Now we will take top 3 chunks from this reranked results and use it to generate answer

In [200]:
chunk_ids = [i[0] for i in rrf_results[:3]]
rag_fusion_documents = vectorstore.get_by_ids(chunk_ids)


rag_fusion_context = "\n\n".join([doc.page_content for doc in rag_fusion_documents])
query = "EV batteries"
# Pass the user input
rag_fusion_response = retriever_chain.invoke({
        "context": rag_fusion_context,
        "question": query
    })
print(rag_fusion_response)

EV batteries primarily use lithium-ion chemistry, which is known for its high energy density and rechargeability.

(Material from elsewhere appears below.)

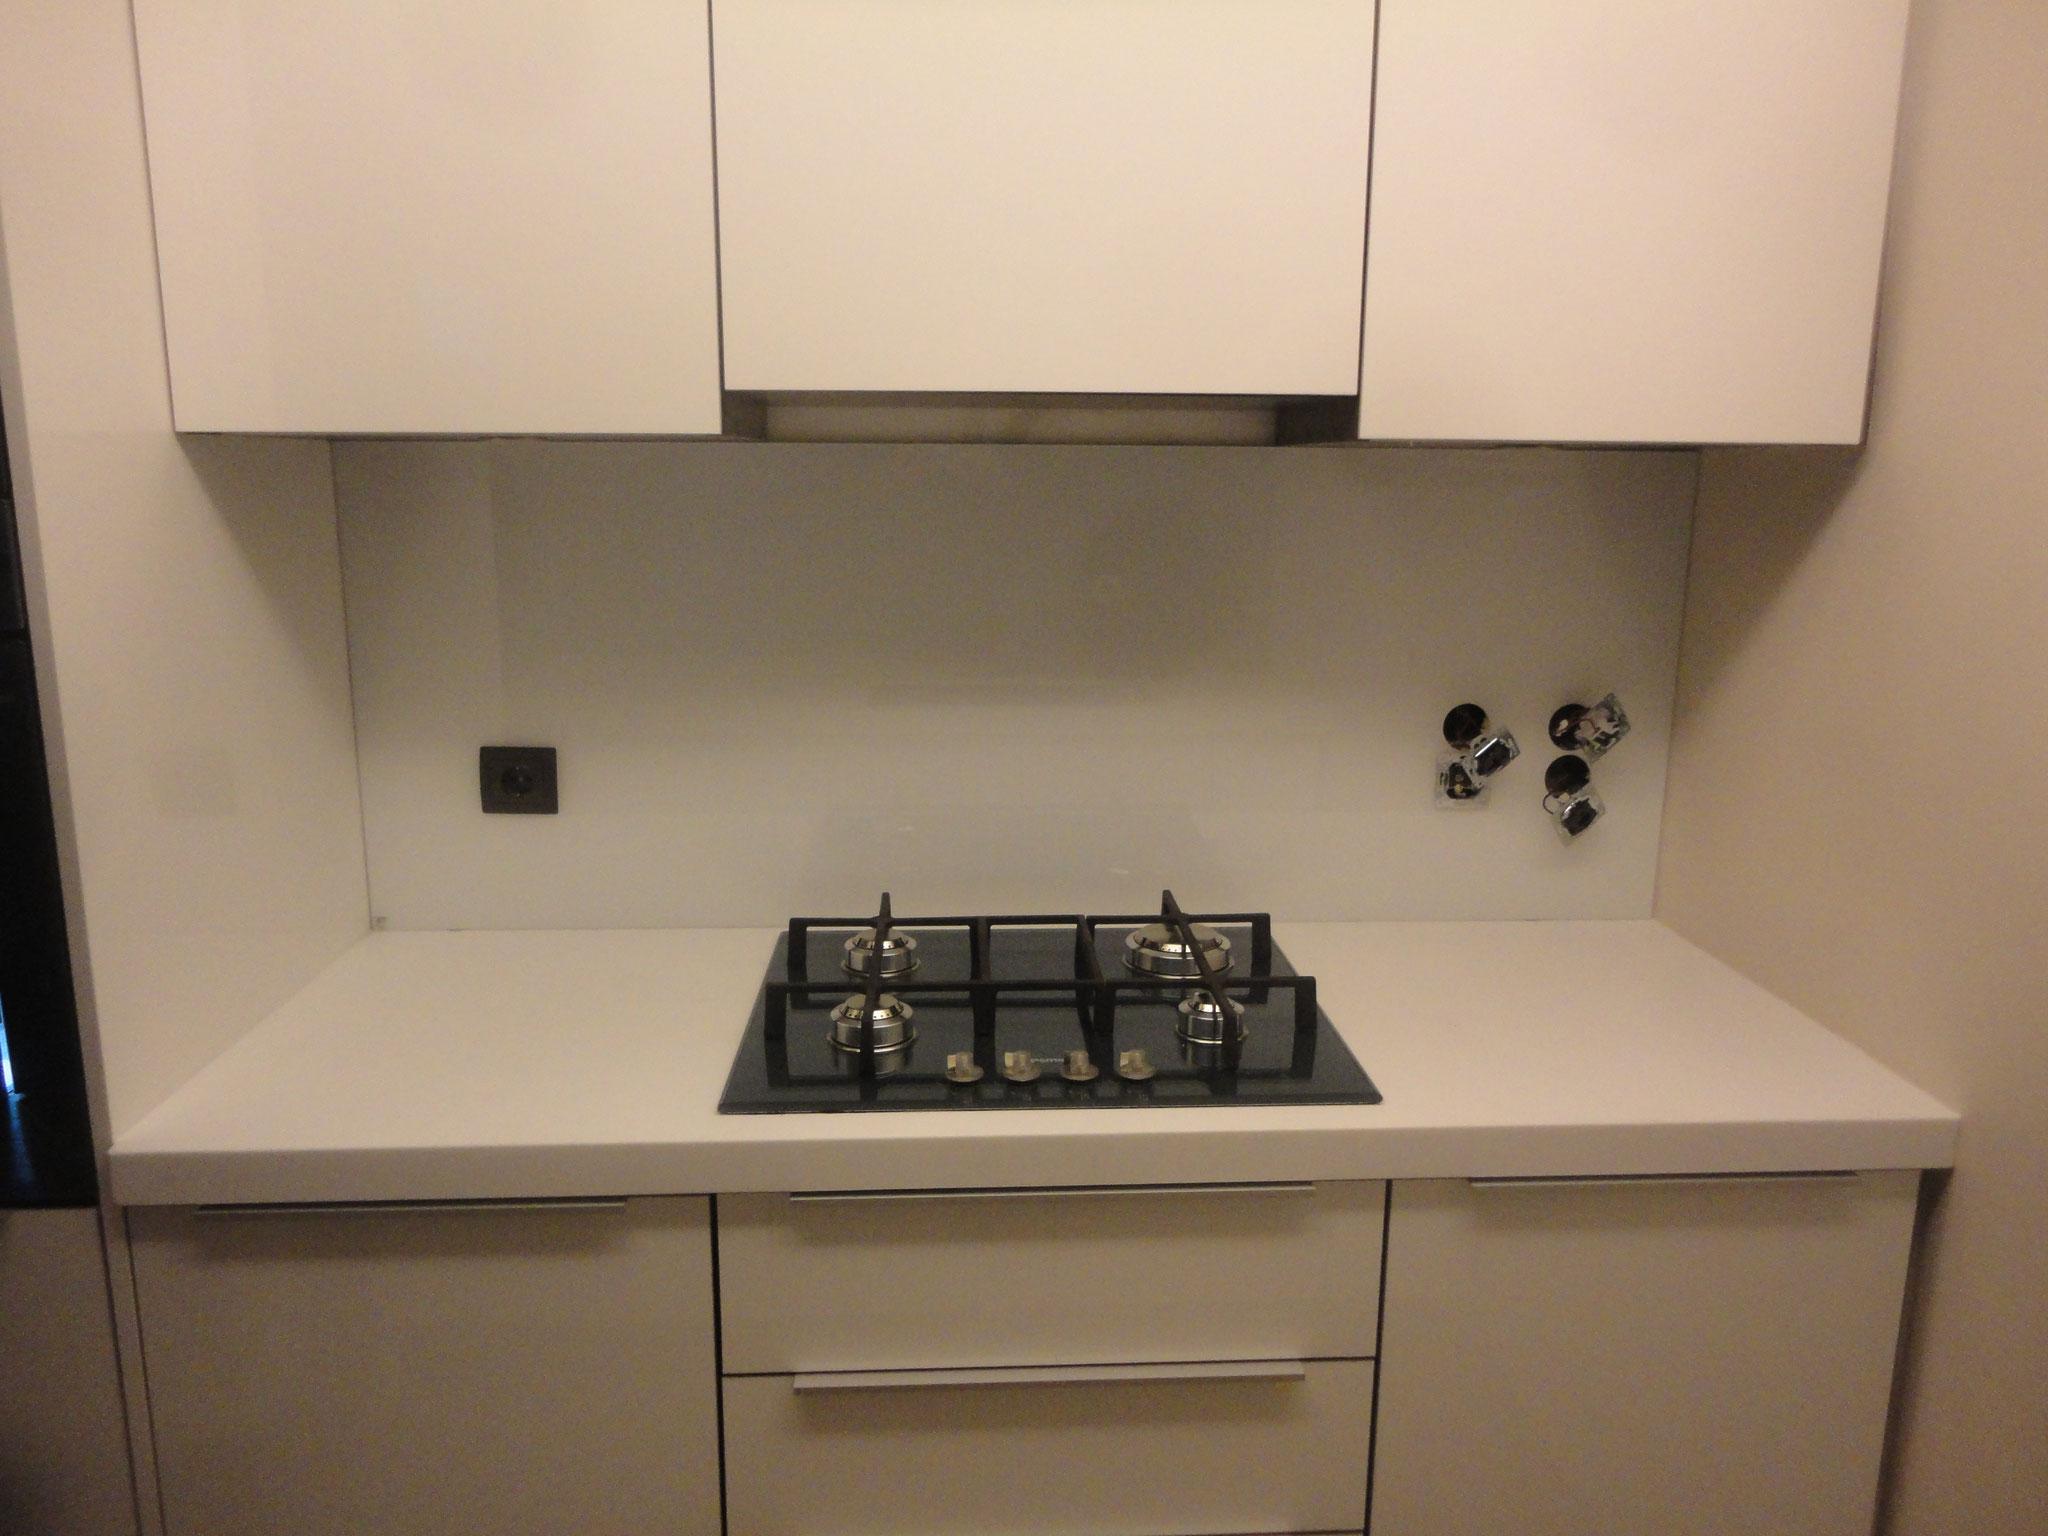 Γυάλινη πλάτη κουζίνας, επένδυση πλάτης-τοίχου κουζίνας με γυαλί-τζάμι

They also contain other components such as cobalt, nickel, manganese, and graphite, all of which affect the battery's performance, cost, and safety. Additionally, battery recycling and reuse are essential for EV sustainability, with companies like Redwood Materials focusing on recovering valuable materials like lithium, cobalt, and nickel from end-of-life batteries to minimize environmental impacts.


We can see that response from rag fusion pipeline contains more contextual and relevent information.